The First Aid package deals with the kind of emergencies which happen in the home. The contents include dealing with bleeding, breathlessness, poisoning, fainting and convulsions although again not every eventuality is taken into consideration. For that reason you must ponder whether a textbook on the subject might be a better source of knowledge. After all, in an emergency you would find it easier to skim through the pages of a book rather than load a program for a consultation.

The last criticism poses the question as to the way in which the package should be used. If it is to be used in the classroom it is not sufficient to stand alone. At best it could be used only as a teacher's aid or learning prop. If that is not the case, surely the manufacturer cannot expect someone to LOAD the program while an accident victim lies on the floor. The package is not so portable as a textbook which can be carried anywhere and used for accidents away from home.

One major criticism of the First Aid package is that in many cases it gives the diagnosis 'Seek the advice of your doctor urgently'. That is not very helpful, as first aid is often applied while waiting for expert medical help; and you could buy a first aid book for half the price of the package and it would contain more information.

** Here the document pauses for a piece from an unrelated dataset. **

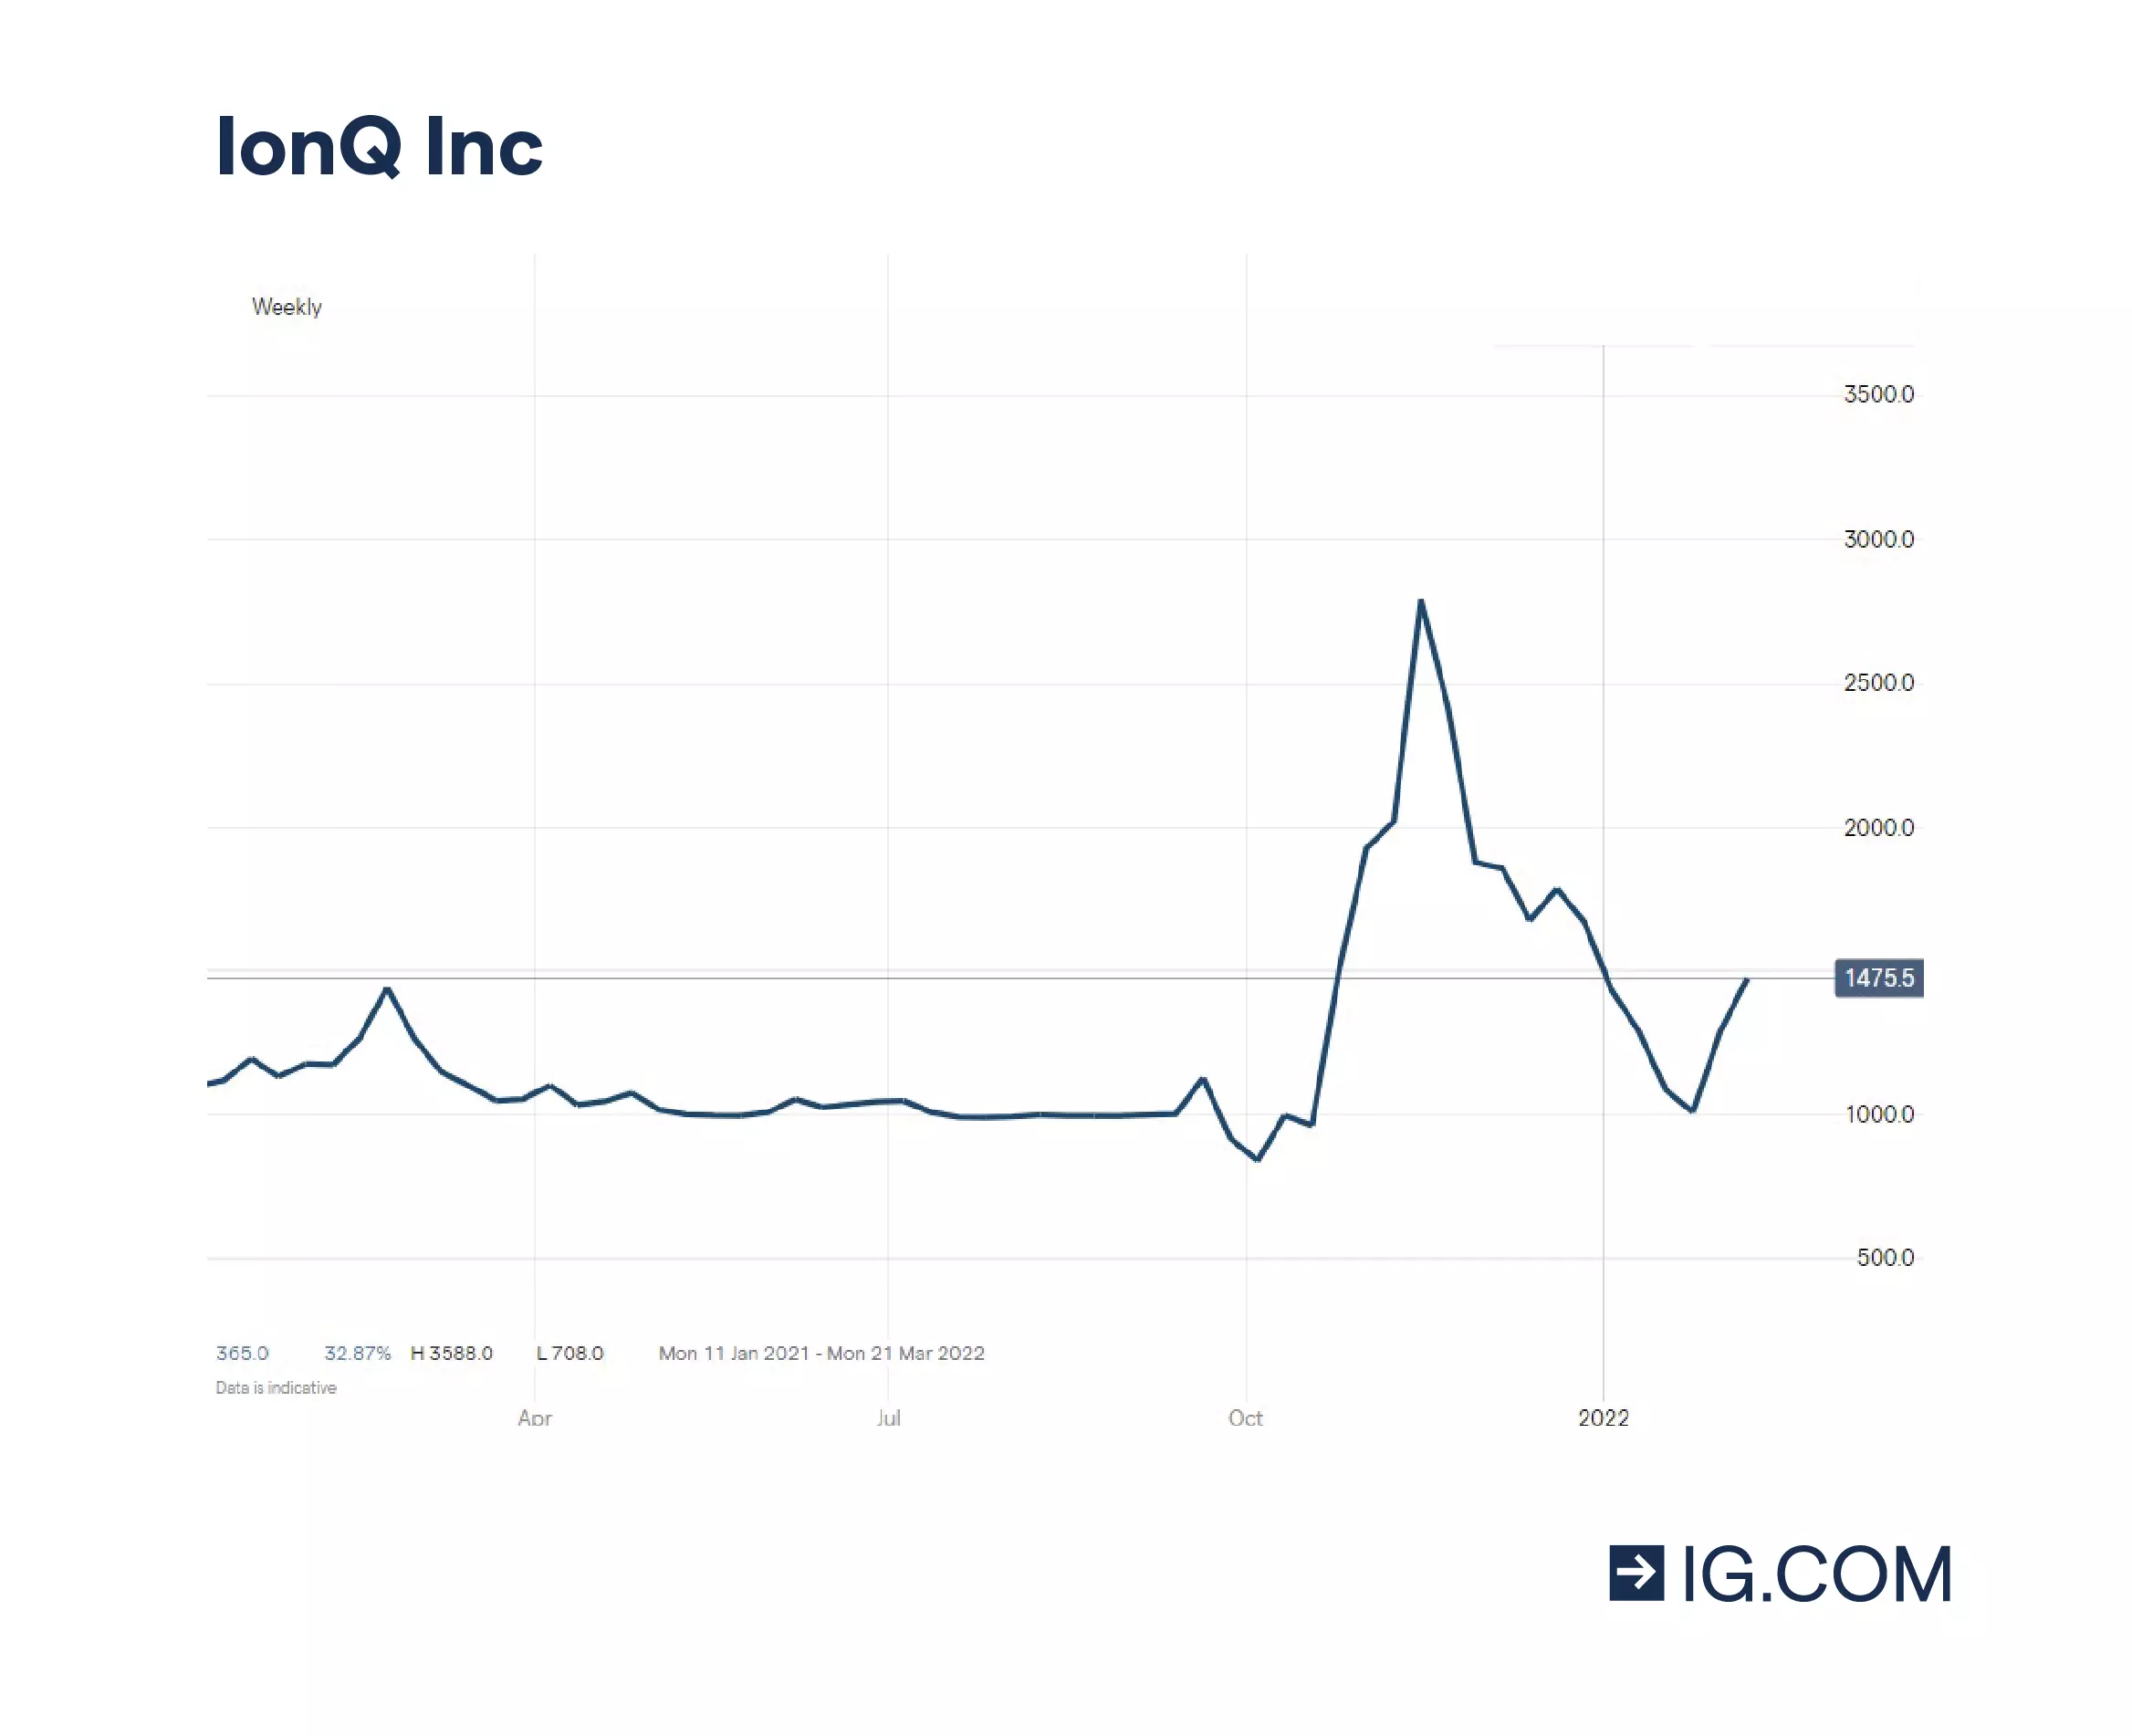 Historique de cours récent d'IonQ, qui indique une croissance impressionnante pour une société récente.

The Complete Guide to Medicine has, to say the least, an over-expressed title. It is not possible, even in textbooks of several hundred pages, to provide a complete guide.

A variety of subjects is covered in the package, although none is as in-depth as they could be. In the section on reproduction, the information starts with the sperm entering the woman. No mention of the man's part in the act is mentioned.

Other subjects covered include human anatomy and physiology, nutrition, how to cope with stress, emergencies, home care and nursing advice.

The authors have also included graphics in the sections on the body and its functions and those can only be described as funny and, with the Spectrum graphics facilities, rather sketchy.

The authors are certainly not artists, as the graphics show square heads and strange-looking limbs. For a package which is intended to cover medicine, one of the sciences, the graphics are not sufficiently accurate.

The Complete Guide to Medicine and First Aid are indicative of a distressing trend in software, as manufacturers and programmers attempt to find substitutes for the written word, working on the assumption presumably that anything a book can do, the computer can do better. In this instance that assumption is unfounded, as textbooks on the subject would be less superficial and contain illustrations considerably more illuminating. The access time alone should make users think twice before loading such software.

If the packages have an advantage over textbooks it is the provision of information in a palatable and amusing form for people who enjoy using computers and do not enjoy reading. How Long Have You Got? according to that criterion is the best of the three packages as it is the most fun to use.